**WORK INSTRUCTIONS:** Every line in the records below between the one holding "Digital ad pointing" and the one holding "Suffield Youth Lacrosse", inclusive, is to be set down exactly; all other lines are to be left out.

**MATERIAL PROVIDED:**

┏━━

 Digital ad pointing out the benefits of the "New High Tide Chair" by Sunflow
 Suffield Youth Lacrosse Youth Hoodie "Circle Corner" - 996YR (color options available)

┗━━
┏━━

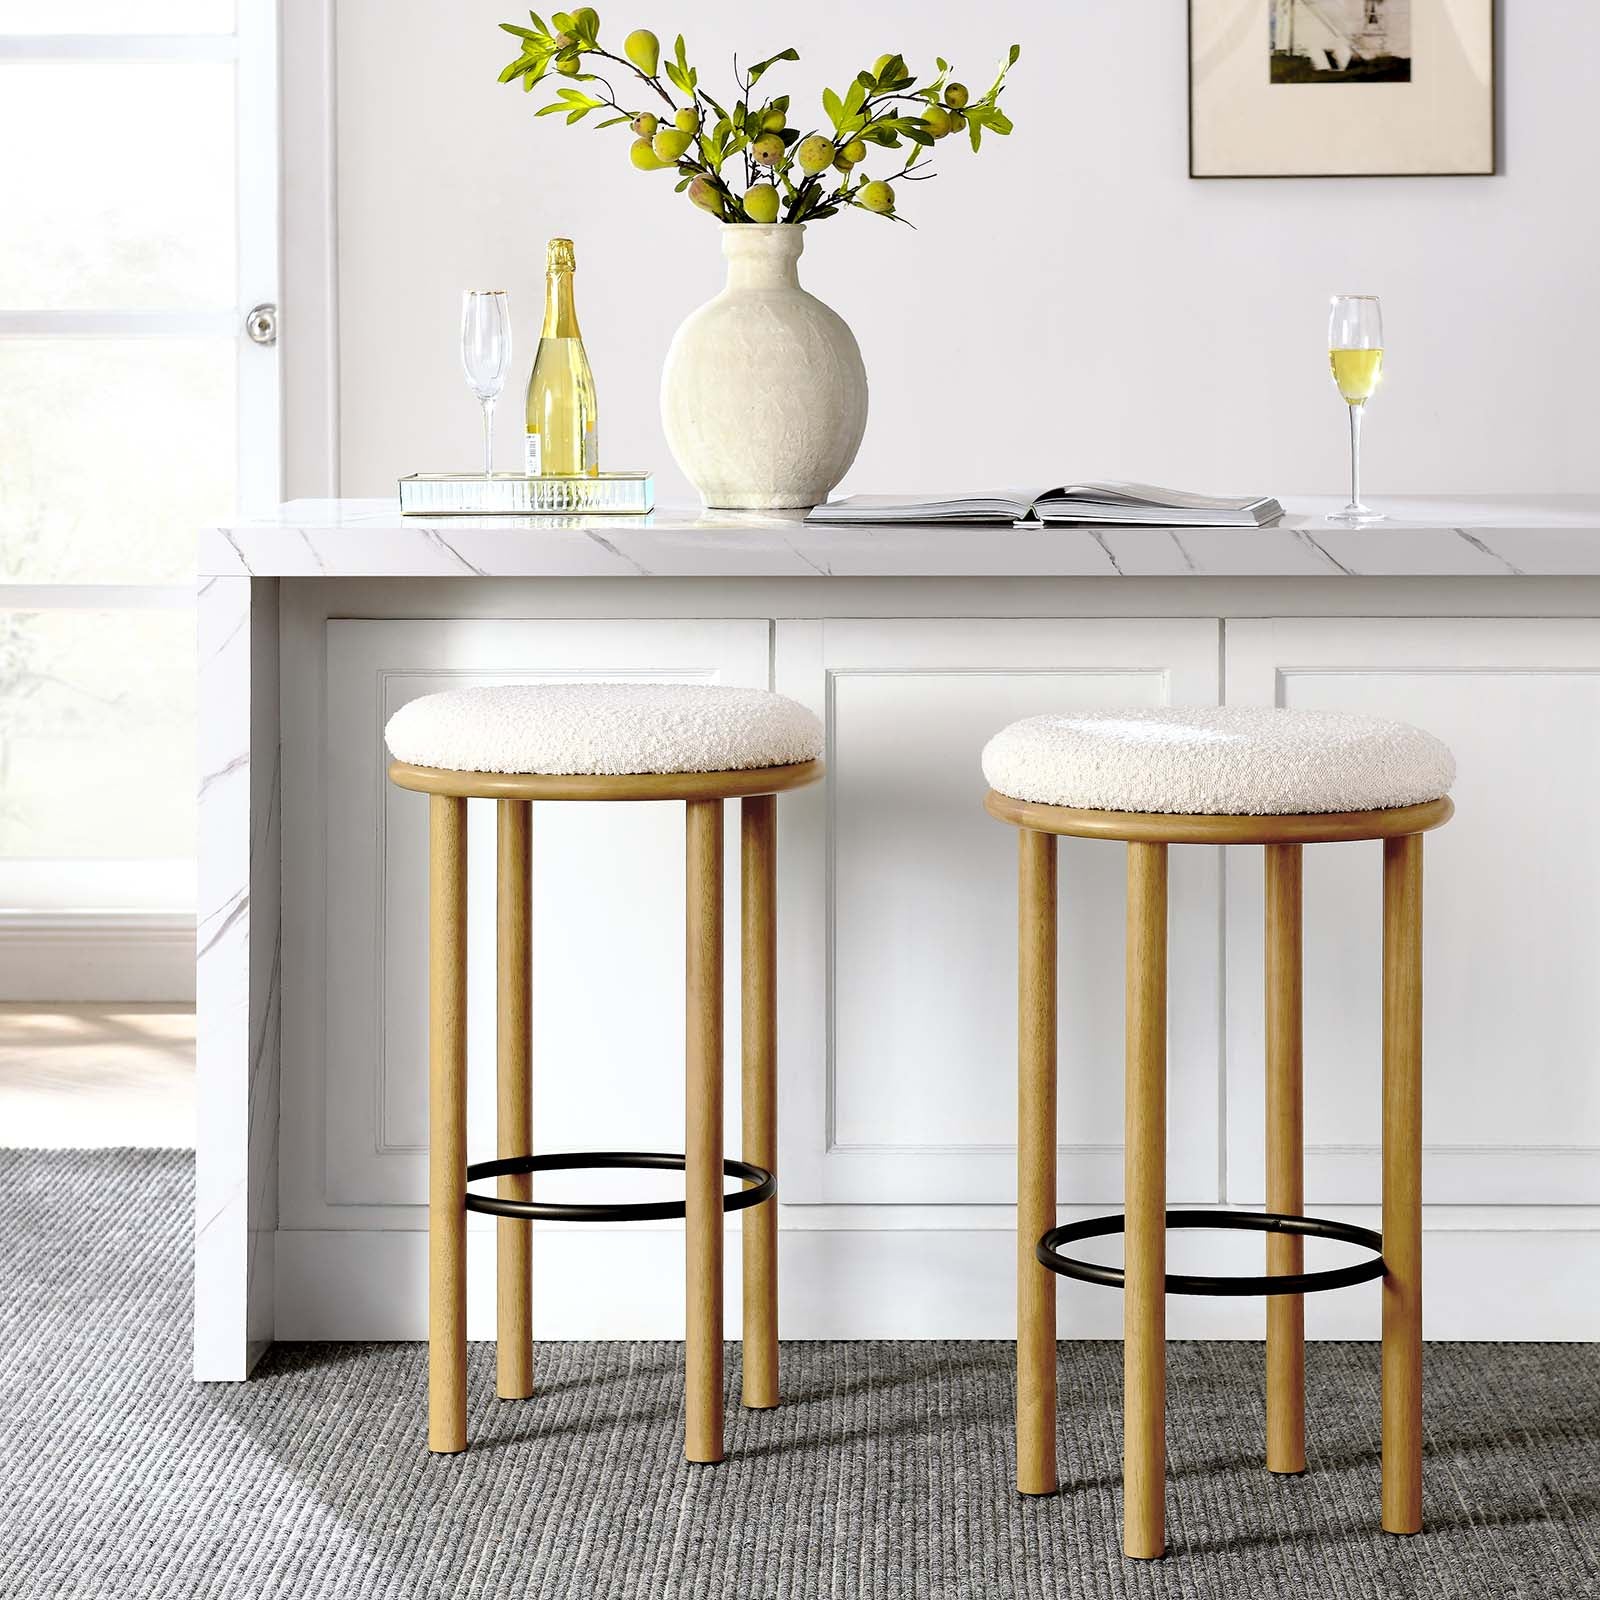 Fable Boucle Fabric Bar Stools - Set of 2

┗━━
┏━━

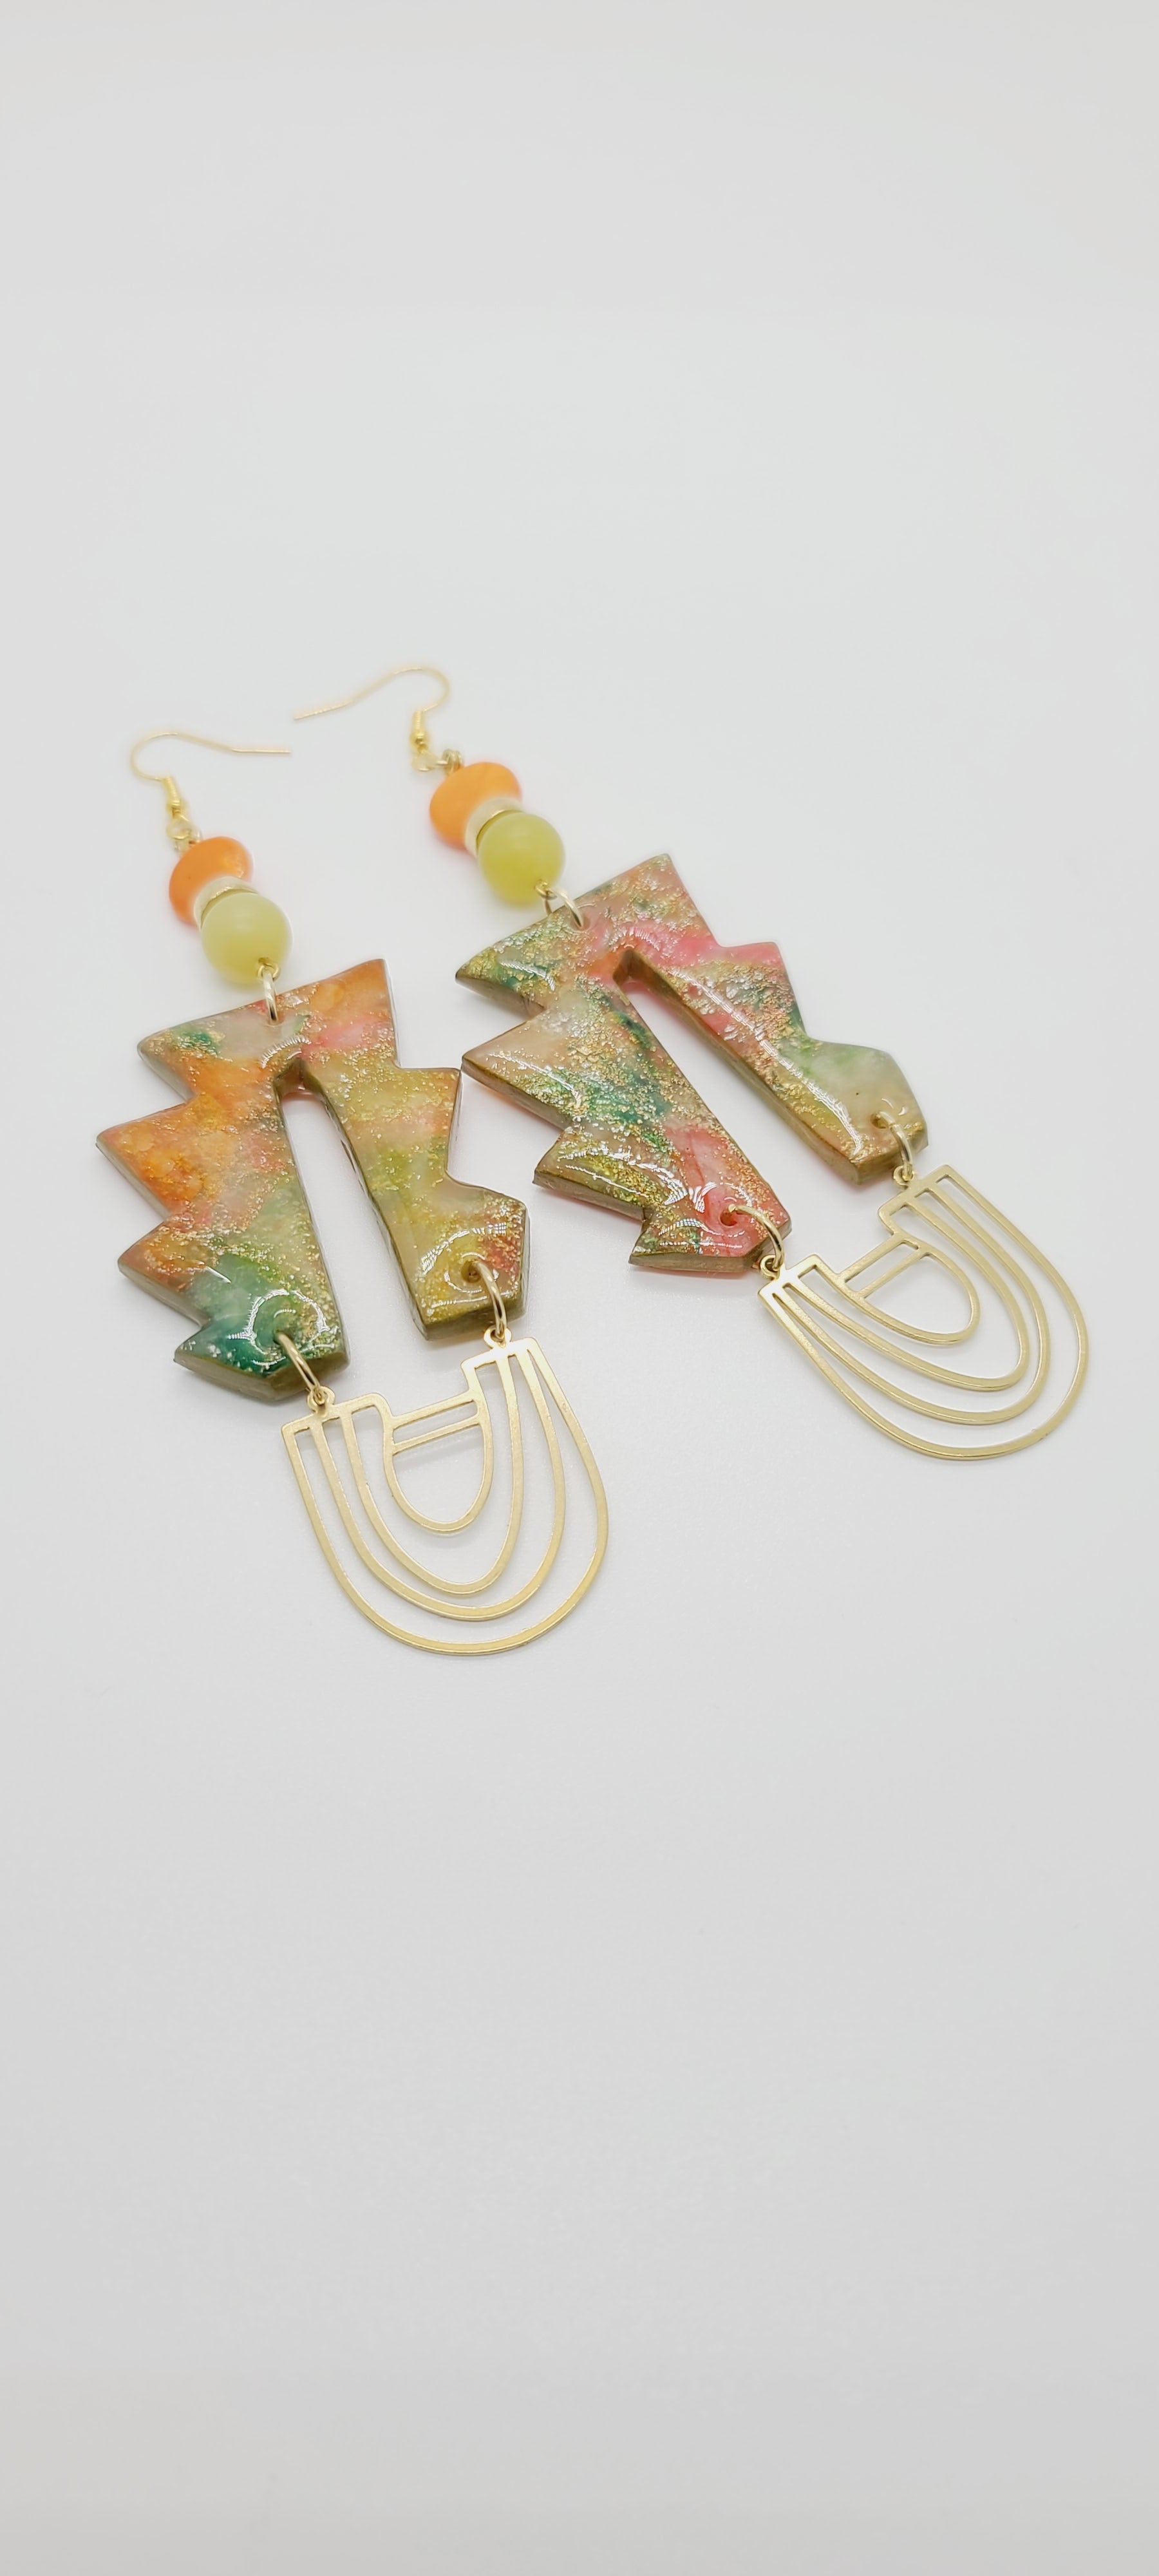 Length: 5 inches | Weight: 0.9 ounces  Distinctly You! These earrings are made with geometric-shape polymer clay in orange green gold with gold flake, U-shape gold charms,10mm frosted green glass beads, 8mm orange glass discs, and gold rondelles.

┗━━

**ANSWER FOR THIS EXERCISE:**
 Digital ad pointing out the benefits of the "New High Tide Chair" by Sunflow
 Suffield Youth Lacrosse Youth Hoodie "Circle Corner" - 996YR (color options available)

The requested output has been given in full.